November 17, 2025pubmed logopapers

Authors

Friebe M

Affiliations (1)

  • Faculty of Computer Science, AGH University of Krakow, Healthtech Innovation Laboratory, Kraków, Poland. [email protected].

Abstract

Artificial intelligence (AI) is rapidly transforming diagnostic and interventional radiology, supported by accelerating regulatory approvals and clinical adoption. Despite progress, integration varies across modalities and procedures. This study is a structured narrative review of four representative workflows-MRI and CT screening, coronary stenting, and liver cryoablation-to quantify automation readiness, accuracy gains, and efficiency improvements.
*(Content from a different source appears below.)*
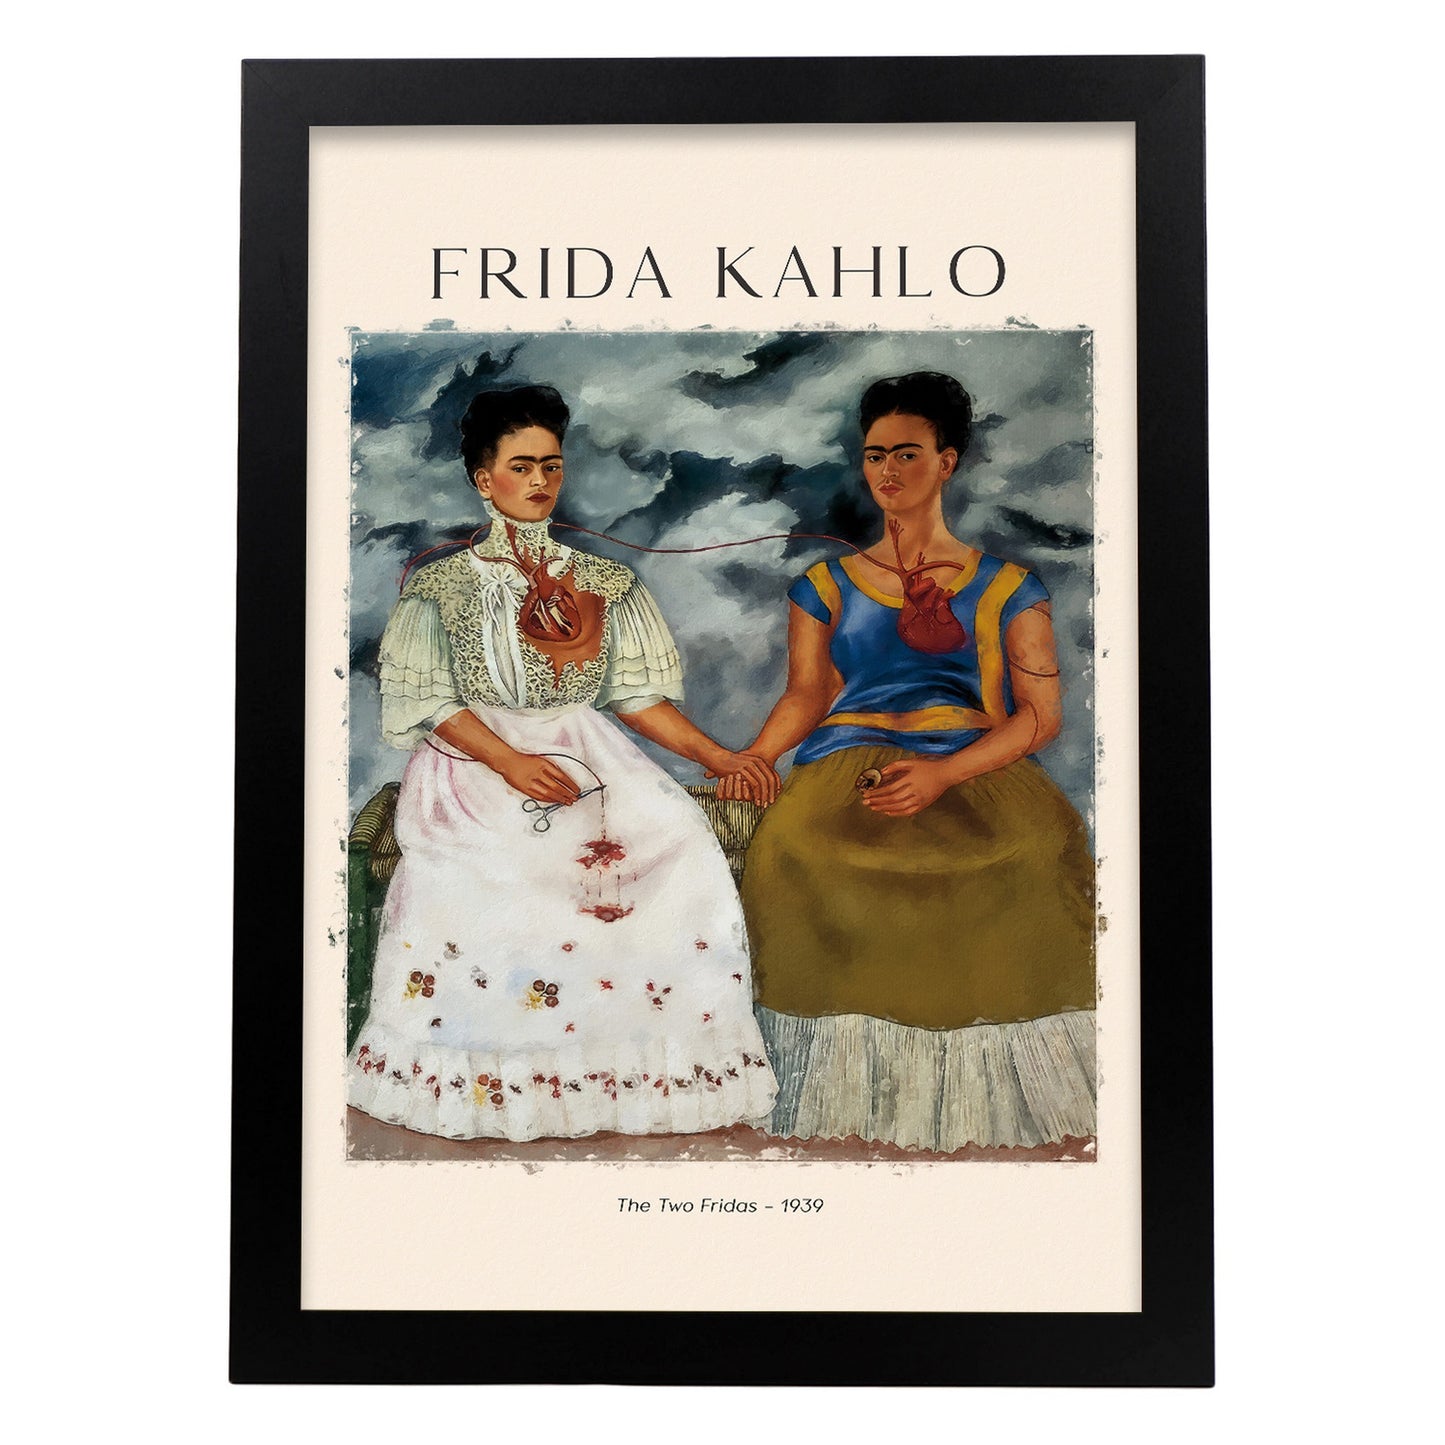 Lámina de Dos Fridas inspirada en Frida Kahlo para decoración hogar

The novelty lies in comparing diagnostic and interventional domains to highlight distinct maturity levels and future opportunities for AI-driven workflow optimization and clinical value creation. A structured analysis was performed identifying 43 workflow steps across the four selected procedures. Each step was evaluated for potential automation, accuracy improvement, and ability to provide new clinical insights, considering current availability and projected 2030 maturity. The assessment drew on peer-reviewed literature, FDA approvals, and industry data (2015-2025). A structured taxonomy distinguished between full automation, human-augmented improvements, and novel AI-enabled guidance functions. Diagnostic imaging showed higher maturity than interventional workflows. Currently, 70% of MRI and 64% of CT steps have available AI solutions, compared to 55% in coronary stenting and 36% in liver cryoablation. By 2030, nearly all steps are expected to be AI-supported. AI achieved up to 94% segmentation accuracy, 95% nodule detection sensitivity, 30-75% scan time reductions, and 30-50% faster reporting. Interventional applications improved catheter navigation, probe placement, and ablation success but still required significant human oversight. AI has already demonstrated measurable gains in diagnostic accuracy, efficiency, and workflow standardization. Interventional applications are emerging, with future growth expected in guidance, robotics, and real-time optimization. Despite progress, key limitations include algorithm generalizability, clinical interpretability, organizational readiness, and regulatory uncertainty. AI will augment rather than replace human expertise, with collaborative human-AI workflows being essential. Future integration efforts must address interoperability, workforce adaptation, and ethical considerations to ensure safe, equitable, and clinically impactful deployment.